I.D

Antony Sher's first play "I.D." which is receiving its world premiere at the Almeida theatre is a rich, intense, powerful play that scrutinises the former South African apartheid system and reveals the perverse moral madness it represented. Inspired by the book "A mouthful of Glass" by Henk van Woerden, Sher examines the question of identity through the eyes of Hendrik Verwoerd, the South African Prime Minister who became known as the Father of Apartheid and his assassin Demetrios Tsafendas.

Demetrios is a man in search of an ID. He was born half Greek, half African in colonial Mozambique. He never had a permanent home, and travelled through Africa and parts of Europe an unwanted immigrant, forced out of one country after another. In South Africa he is forbidden by mixed-race laws to marry the black woman he believes he loves and so tries to register as a coloured person.

The Prime Minister Hendrik Verwoerd is also in search of an ID, but his search is for the ID of a nation, the identity of the white race. He tries to justify South Africa's white supremacy ideology through apartheid and independent Bantustans, i.e. black townships in which 14% of the land was handed over to the blacks, 86% was kept for the whites. This allowed the pretence of separate development by the different races, but in reality merely maintained white dominance. We are introduced to Hendrik Verwoerd as he explains his admiration for Hitler and extols the virtues of white supremacy. He appears hideously calm and serene as he justifies his racist beliefs.

All though Demetrios Tsafendas is seeking an identity for himself, an identity that will gain him the respect he longs for he is not willing to gain that respect by accepting the racism that surrounds him. When invited to preach inside a black church he shocks the congregation with his outburst in which he praises illegitimacy and gleefully proclaims, "God bless the bastards". Under apartheid to be born of mixed parents immediately made one illegitimate because mixed marriages are illegal. Demetrios appears to imply that under apartheid it is the bastards that are legitimate and the white supremacists that are illegitimate.
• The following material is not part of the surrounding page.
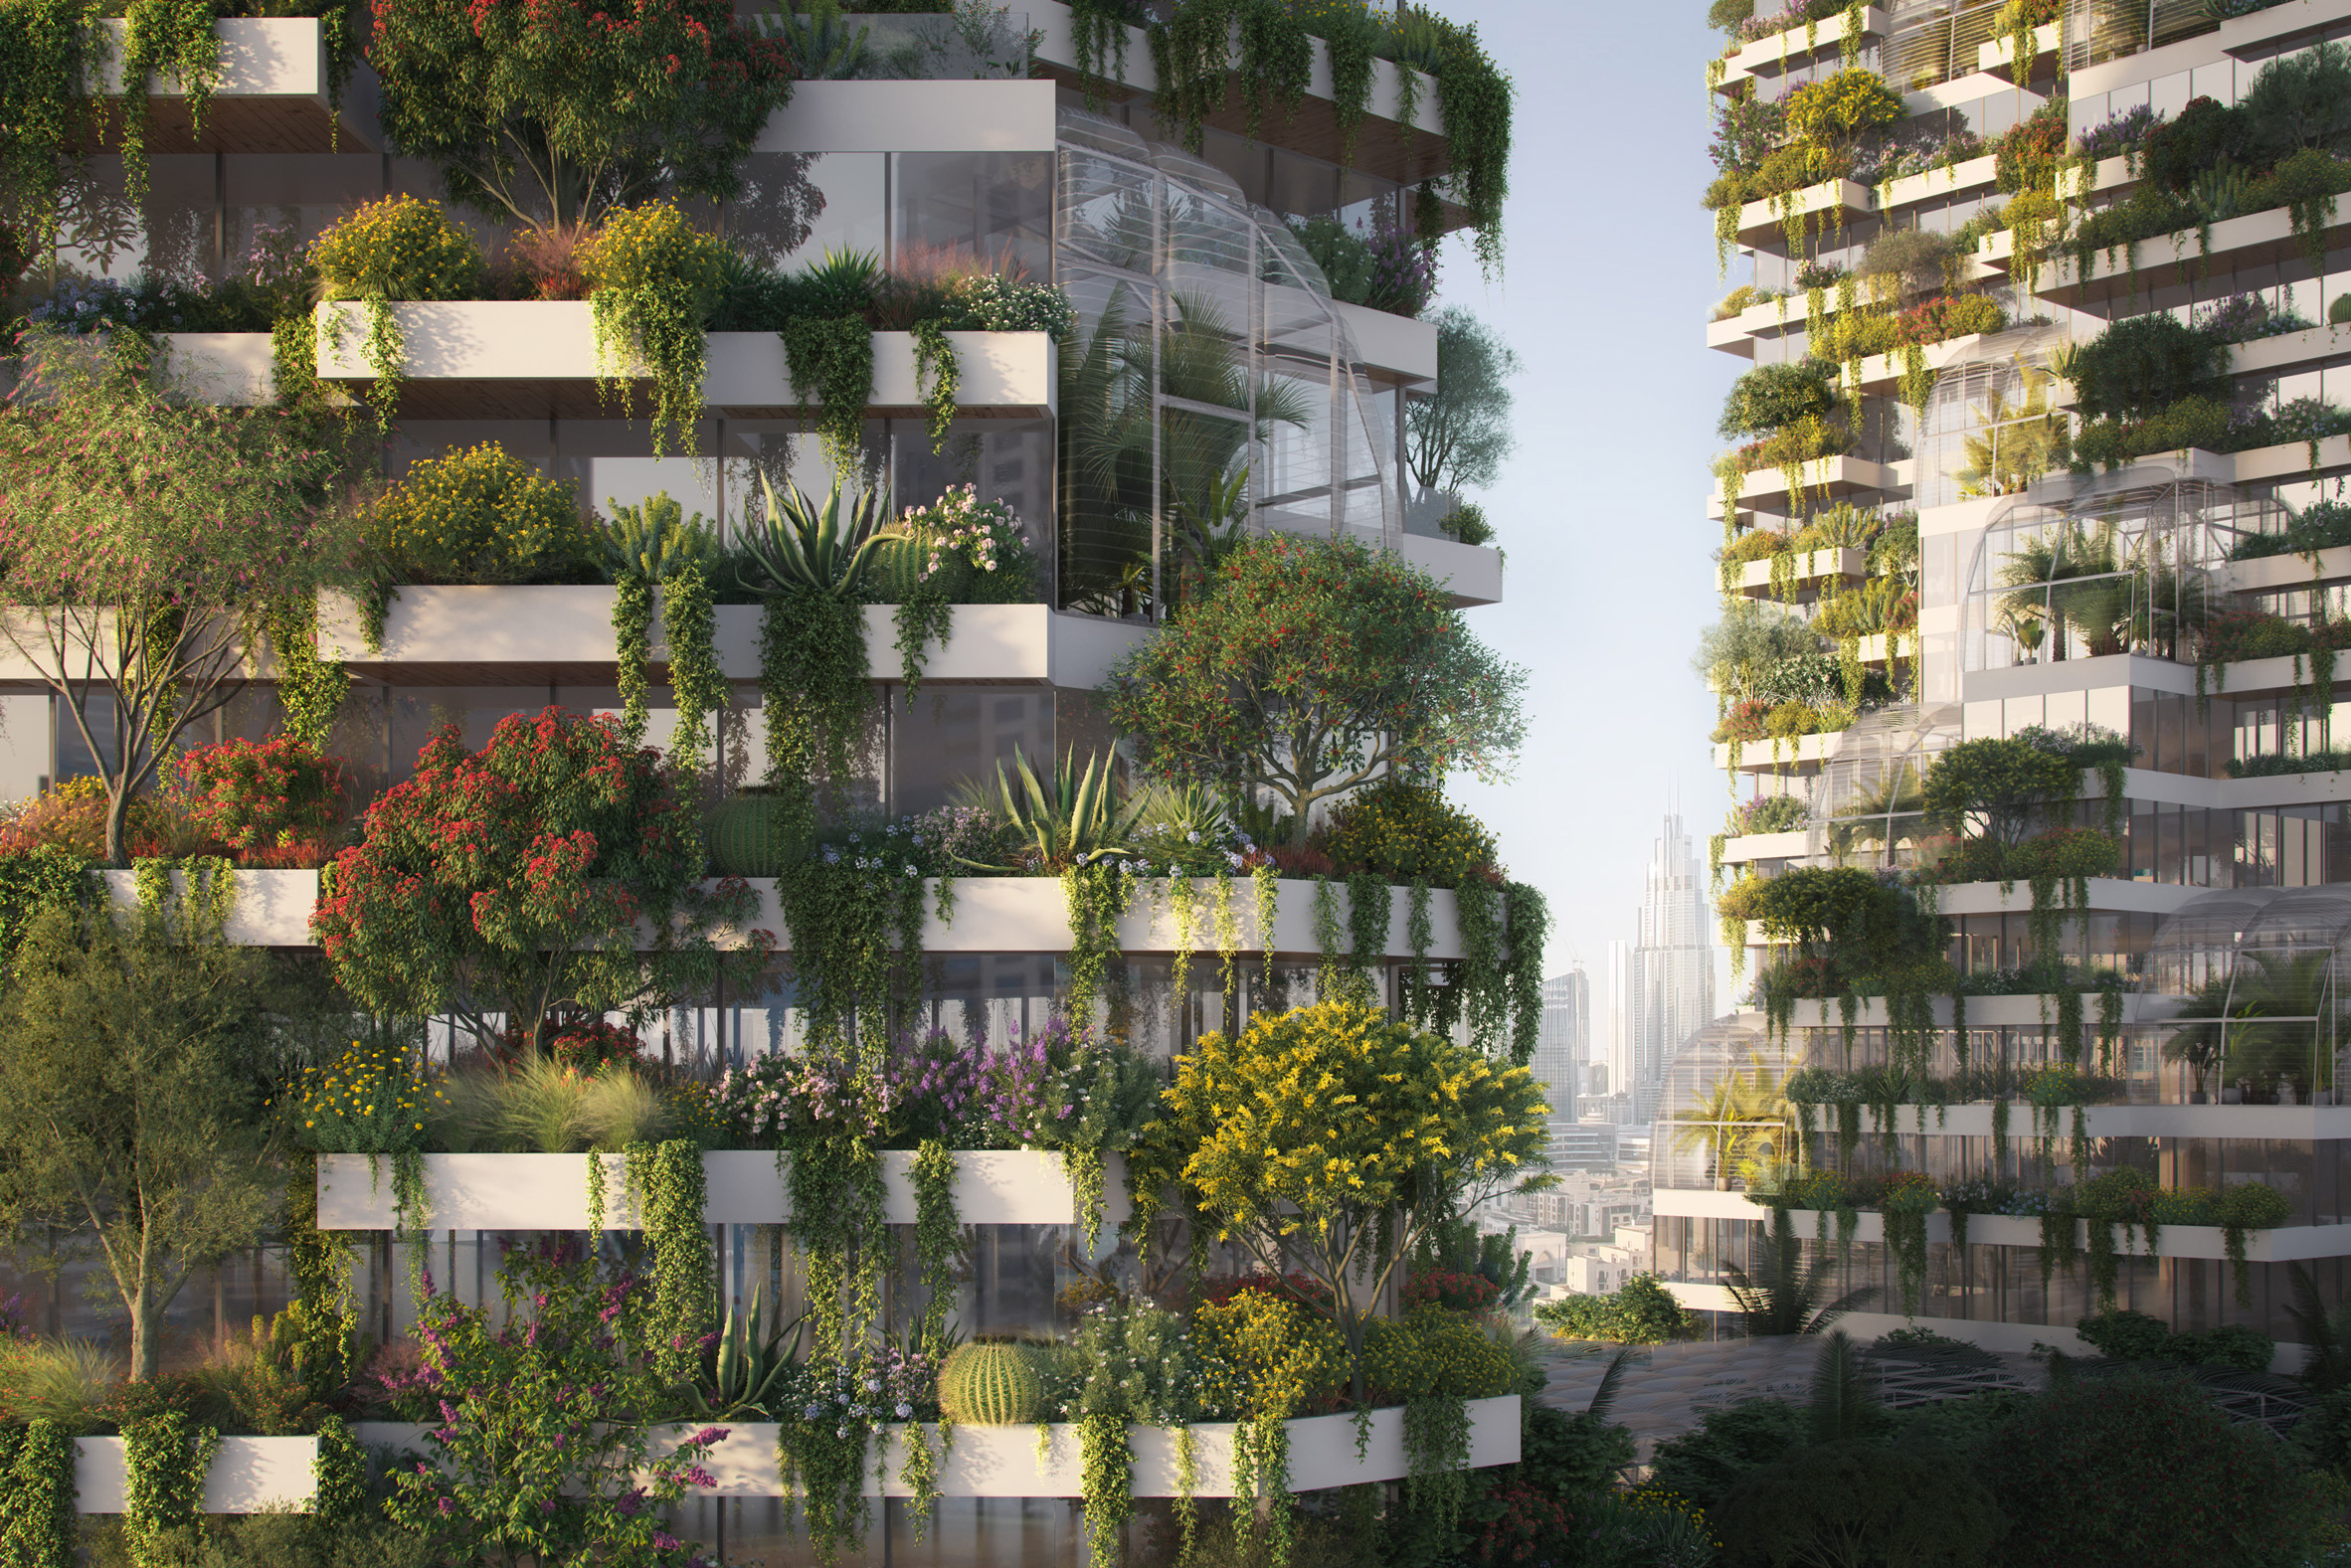 Facades of Vertical Forests in Dubai

Sher uses the theatrical device of providing Demetrios with an on-stage alter-ego, Lintwurm. Lintwurm is the tapeworm that has been developing inside Demetrios since he was a child. A belligerent worm that has grown from the hatred and segregation he has been forced to endure all his life, a worm that poisons his blood and devours his spirit. If Demetrios struggles to accept his fate, Lintwurm seethes against it. When Demetrios gets a job as a parliamentary messenger in the House of Assembly, he stands before the speakers chair overwhelmed by the power it symbolises, whilst his anarchic alter-ego Lintwurm bears his buttocks in contempt! Incited by Lintwurm, Demetrios eventually stabs Hendrik Verwoerd to death in parliament in 1966. Is this the act of a man driven mad, or the radical act of an anarchist destroying the creator of an inhumane society? Sher never answers this question; it becomes yet a further question about Demetrios' identity.

After the assassination Demetrios is declared insane and so never placed on trial, but this does not stop him from being incarcerated on death row in solitary isolation with a light that shines in his cell 24 hours a day. When he is finally released, after the collapse of apartheid in 1993, and taken to hospital, he is asked what he would most like? Demetrios replies without hesitation 'Darkness'!

Demetrios' incarceration proves a fitting metaphor for the whole play. All his life he had been segregated from others, forced to examine his identity in the cold light of white supremacy. Anyone forced to constantly endure this light is bound to struggle with his sanity. Is it any surprise he longed for darkness, where he could escape this question of identity? In the dark the colour of a person's skin cannot be seen, racism becomes obsolete! Light is usually used to symbolise what is morally good, it seems fitting that in this play what is good should be represented by darkness.

I thought it rather egotistical of Antony Sher to act the leading role in his own script, and may be it is, but egotistical or not, Sher gives a brilliant performance. His Demetrios is an innocent victimised by a world gone mad who despite the hatred flung at him manages to hold onto a dishevelled dignity. A mesmerising performance that allows you to ask is Demetrios a mad man who simply commits murder, or a political assassin who struck a lethal blow against injustice?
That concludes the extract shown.